Sillonner les eaux sacrées du Nil

Ce bateau aux boiseries chaleureuses de teck, qui, sous l’effet du chaud soleil d’Égypte, parfume l’air des cires d’antan, nous transporte à une autre époque.
Photo: Olivier Romano Ce bateau aux boiseries chaleureuses de teck, qui, sous l’effet du chaud soleil d’Égypte, parfume l’air des cires d’antan, nous transporte à une autre époque.

Qui n’a pas rêvé de l’Égypte et de ses trésors antiques ? Une des plus grandes civilisations du monde, dont on peut admirer les vestiges même après 3000 ans, s’est développée le long des rives du mythique Nil. Que diriez-vous de les découvrir en sillonnant lentement les eaux calmes du fleuve sacré à bord d’un bateau à vapeur datant du siècle dernier ? La croisière fluviale du Steam Ship Sudan permet de le faire, tout en s’imprégnant du rythme d’une époque lointaine.
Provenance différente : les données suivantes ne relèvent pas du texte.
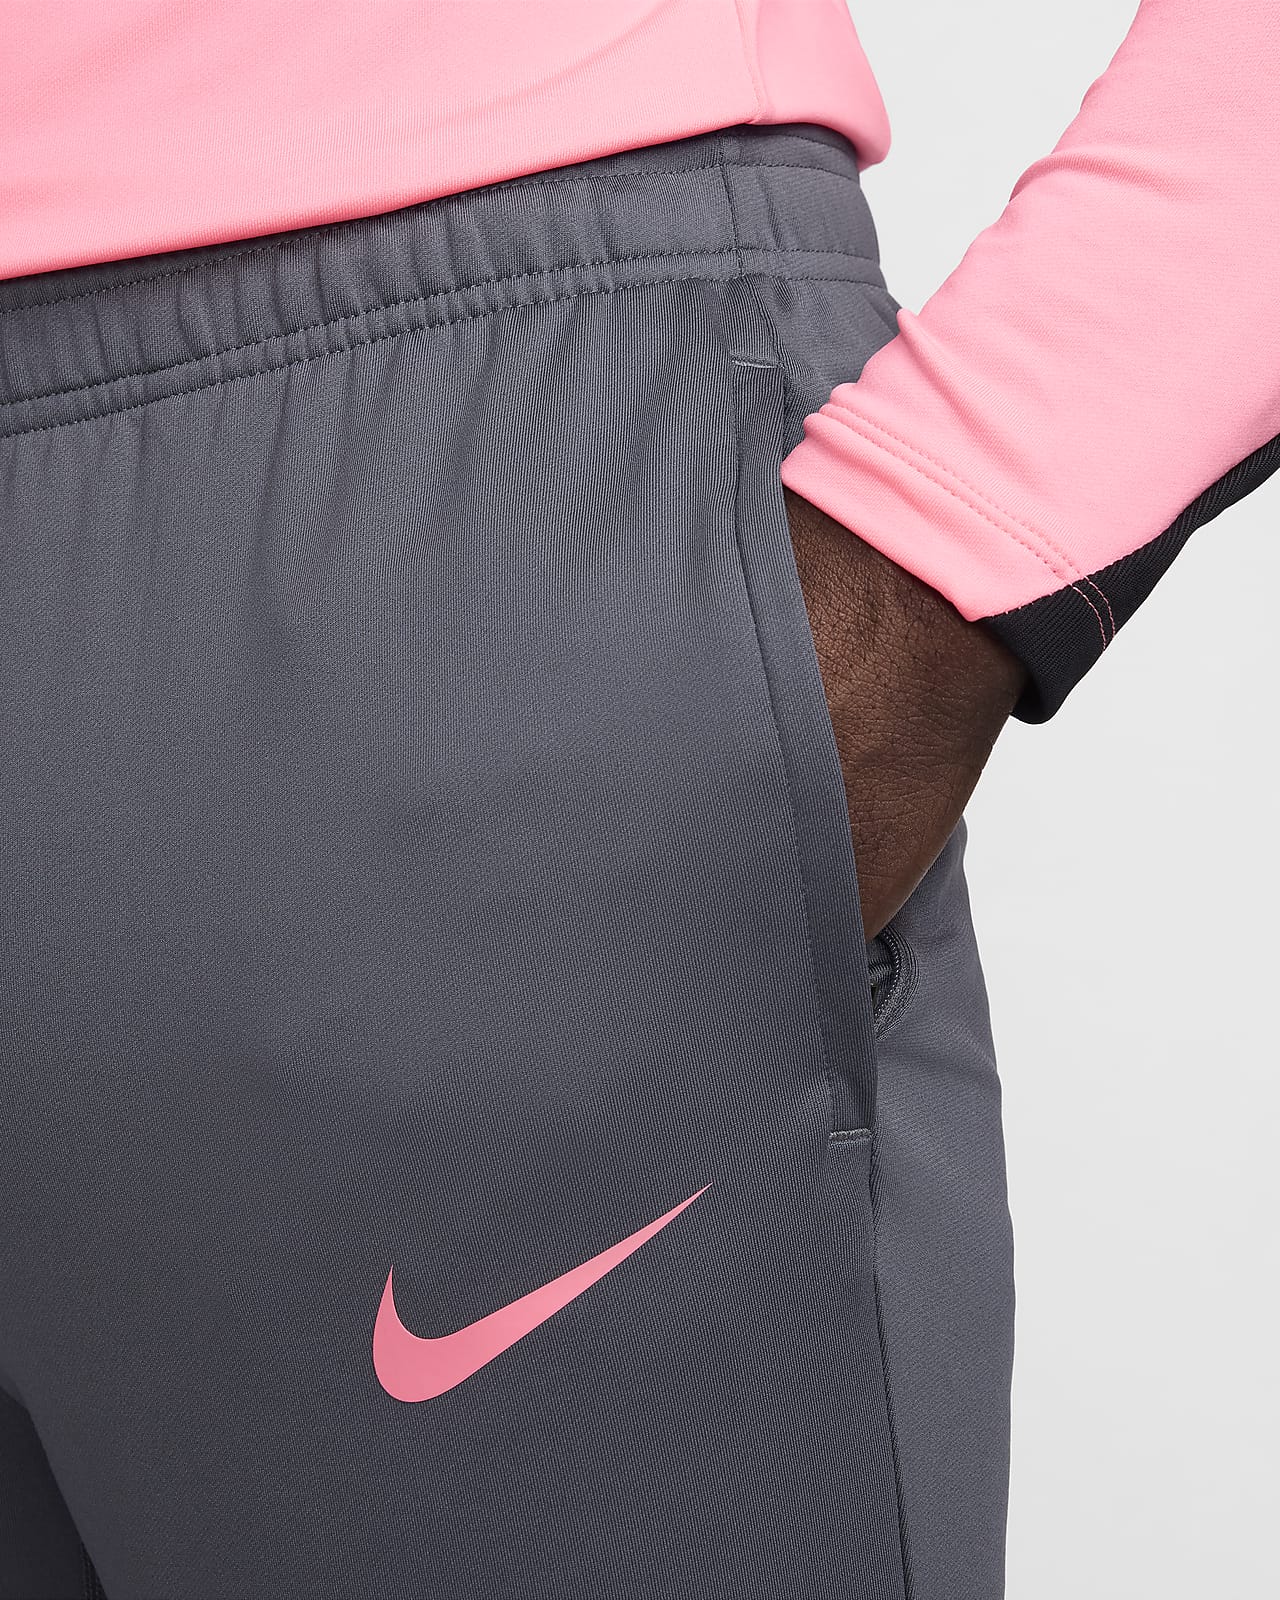 Nike Strike Men's Dri-FIT Soccer Pants
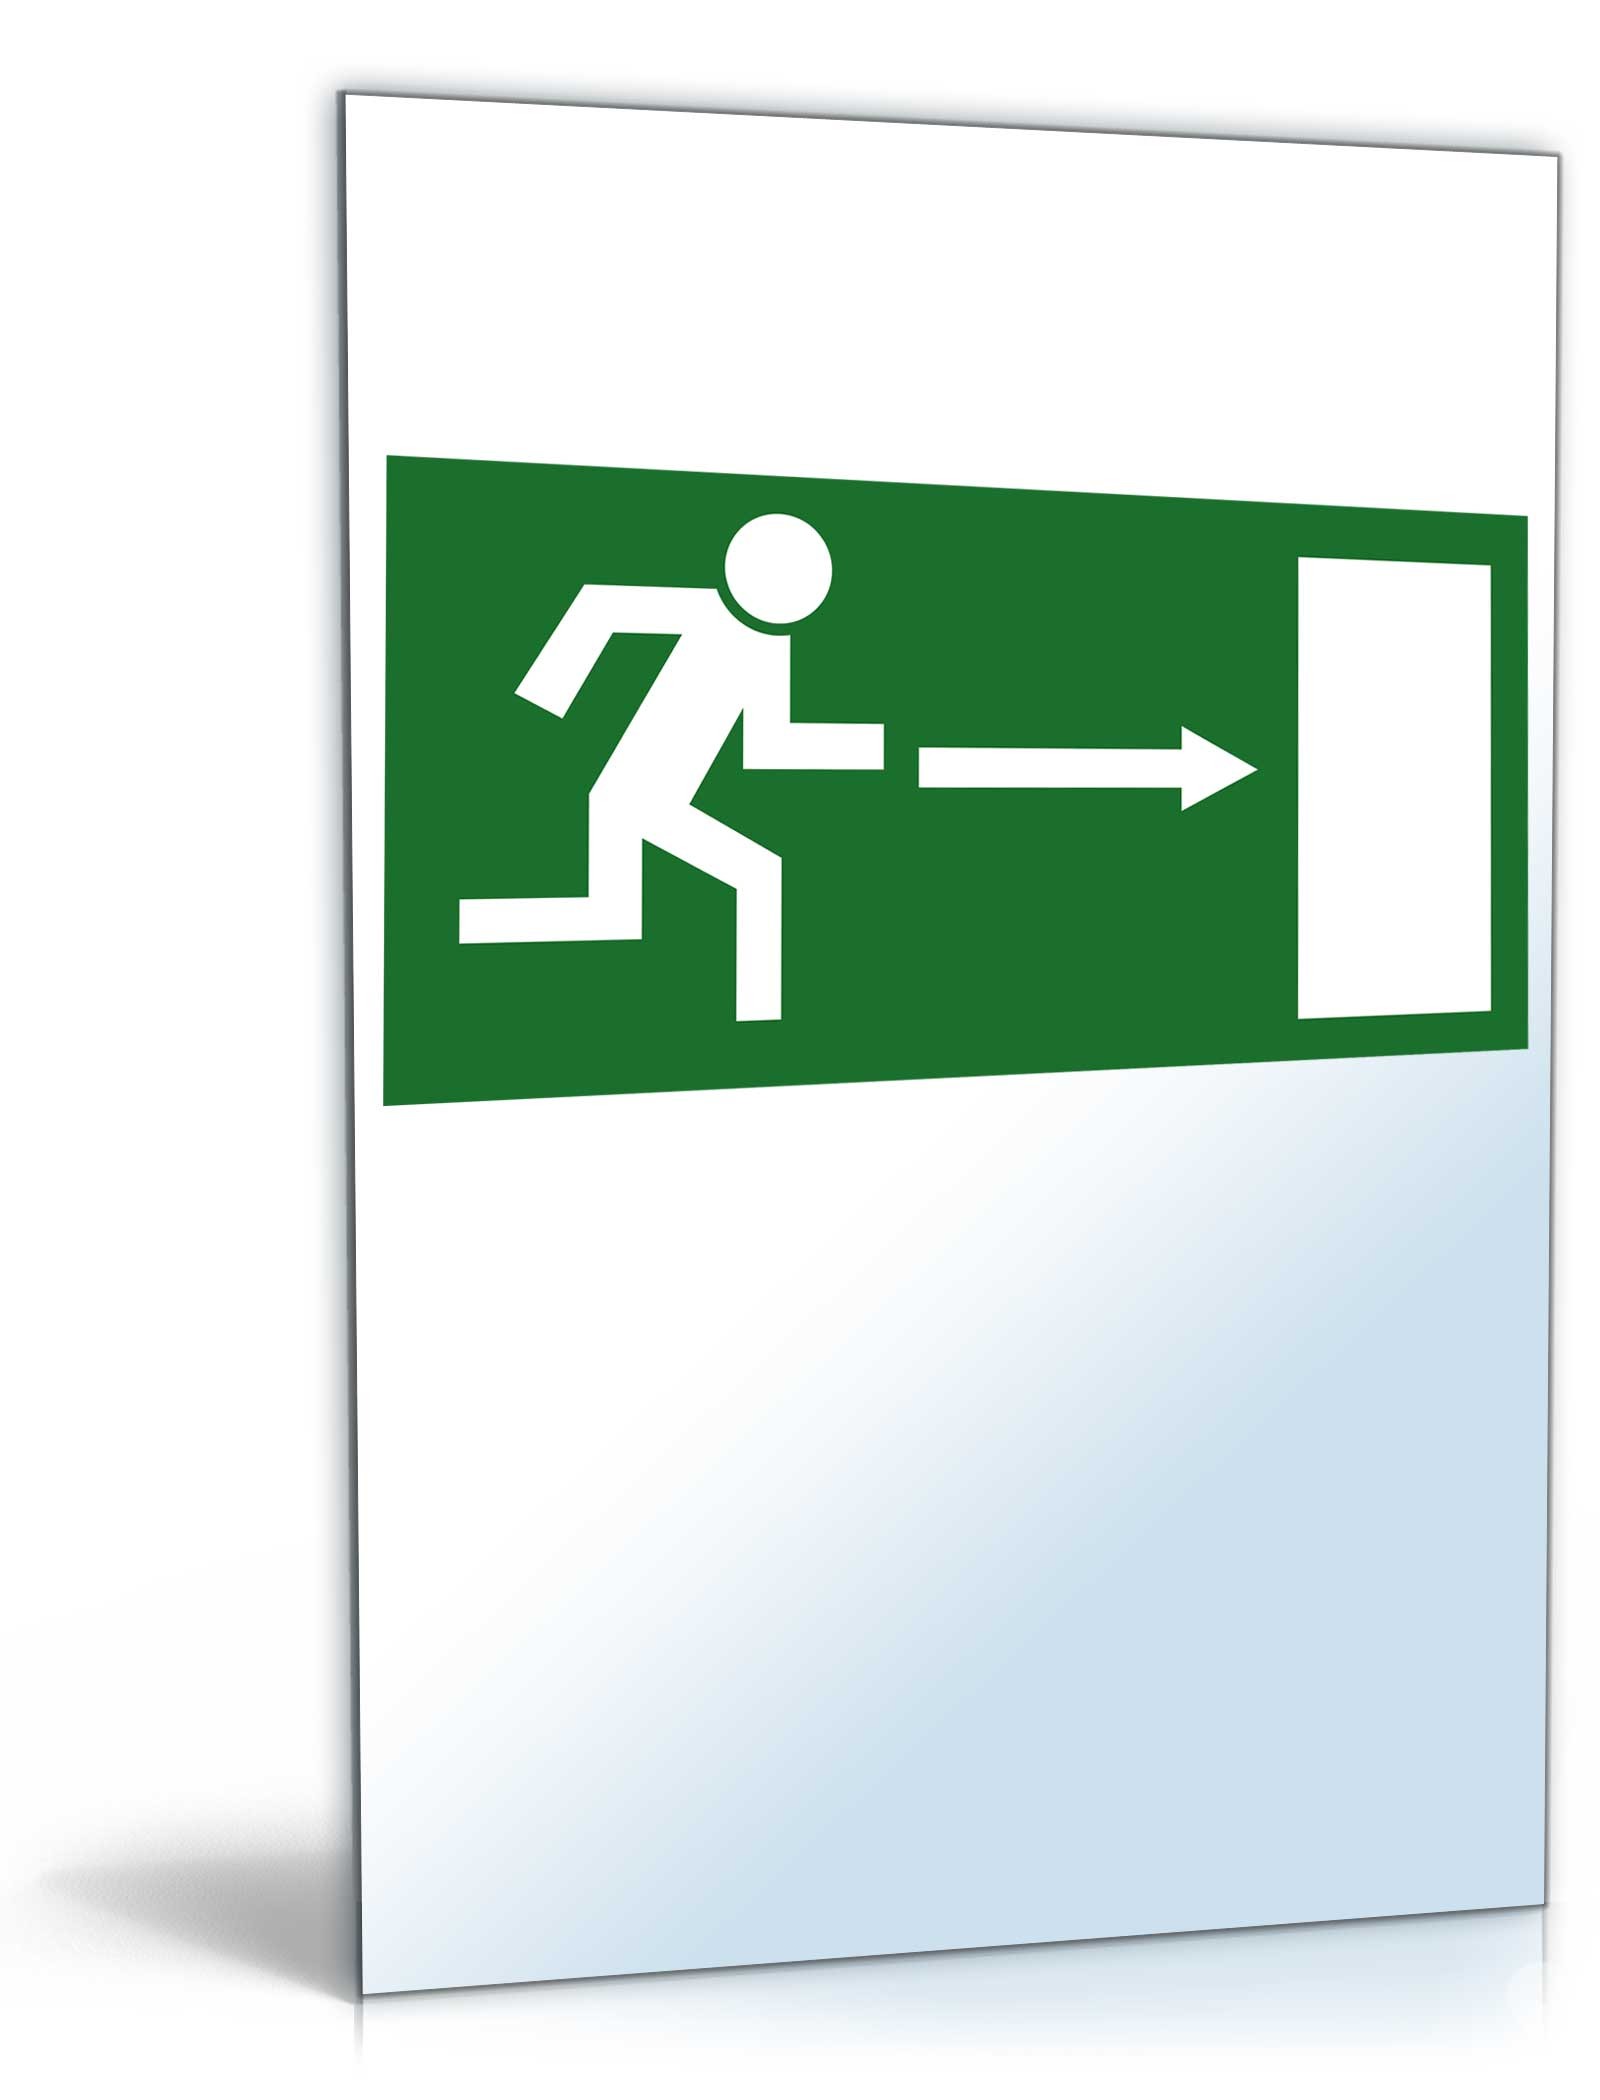 Hauptbild des Produkts: Schild "Notausgang nach rechts"

La fascination pour l’Égypte ne date pas d’hier. Après les pyramides de Gizeh, la Haute-Égypte est toujours la région la plus visitée du pays. C’est là, entre Assouan et Louxor, à 700 km au sud du Caire, que se trouvent les plus beaux tombeaux des rois et reines, ainsi que les temples dédiés aux divinités datant de l’âge d’or égyptien ou de la période du Nouvel Empire (1500 à 1000 ans av. J.-C.).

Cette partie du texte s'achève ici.